In its 2001 report, the Intergovernmental Panel on Climate Change stated, "There is new and
stronger evidence that most of the warming observed over the last 50 years is attributable to
human activities." [3] Carbon dioxide from fossil fuel burning and land clearing has been
accumulating in the atmosphere, where it acts like a blanket keeping Earth warm and heating up
the surface, ocean, and atmosphere. As a result, current levels of carbon dioxide in the
atmosphere are higher than at any time during the last 650,000 years. [4,5,6]
Background: Driving the Climate ("Forcing")
Climate is influenced by many factors, both natural and human. [7] Things that increase
temperature, such as increases in heat-trapping emissions from cars and power plants or an
increase in the amount of radiation the sun emits, are examples of "positive" forcings or drivers.

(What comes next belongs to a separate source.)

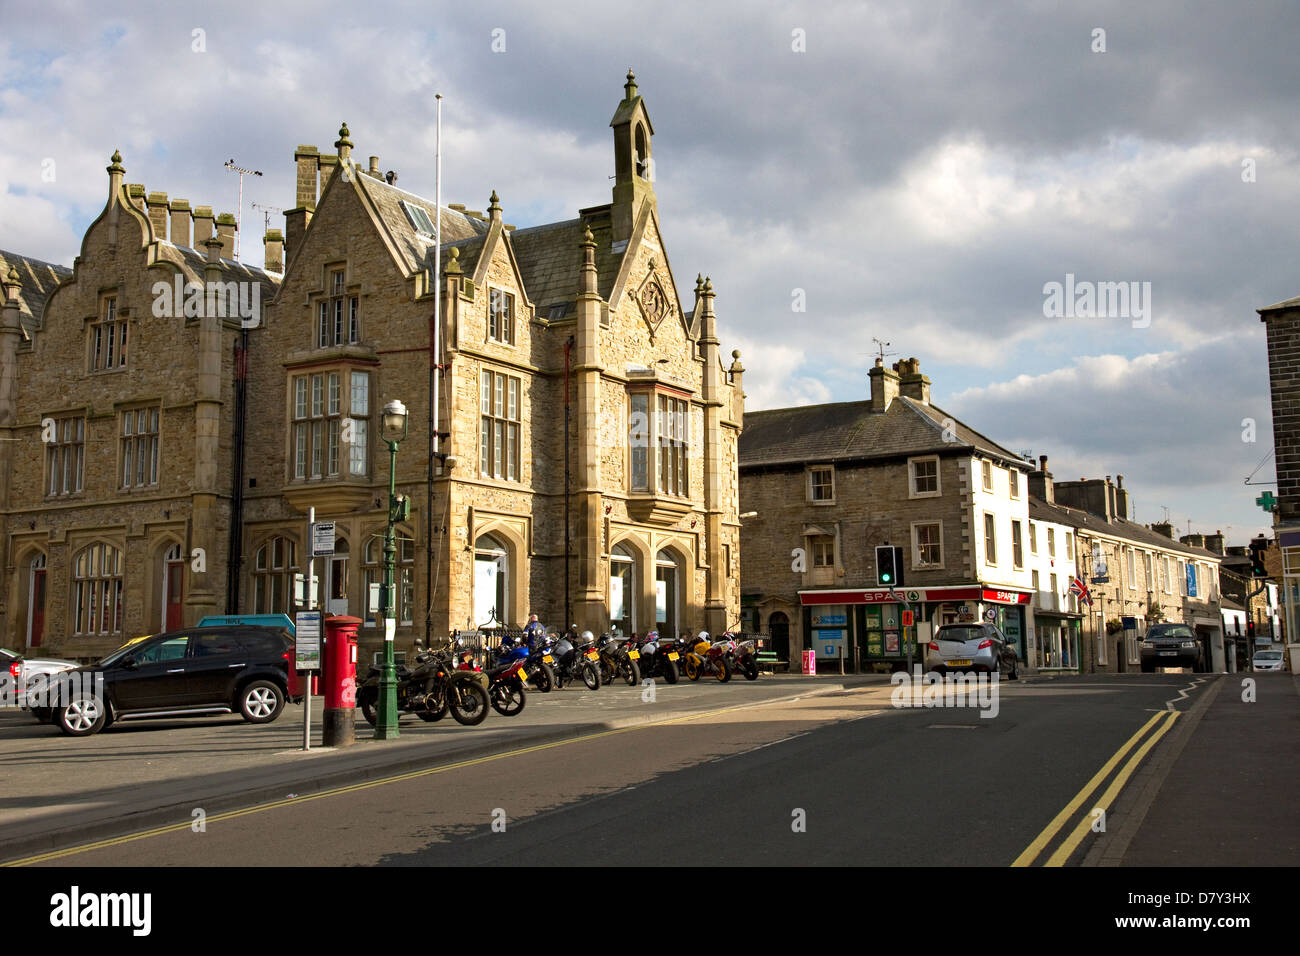 Town Hall building,  Market Square, Settle, Ribblesdale, Yorkshire Dales, North Yorkshire, England, UK Stock Photo

Volcanic events and some types of human-made pollution, both of which inject sunlight-reflecting
aerosols into the atmosphere, lower temperature and are examples of "negative" forcings or
drivers. Natural climate drivers include the sun's energy output, aerosols from volcanic activity, and
changes in snow and ice cover. Human climate drivers include heat-trapping emissions from cars
and power plants, aerosols from pollution, and soot particles.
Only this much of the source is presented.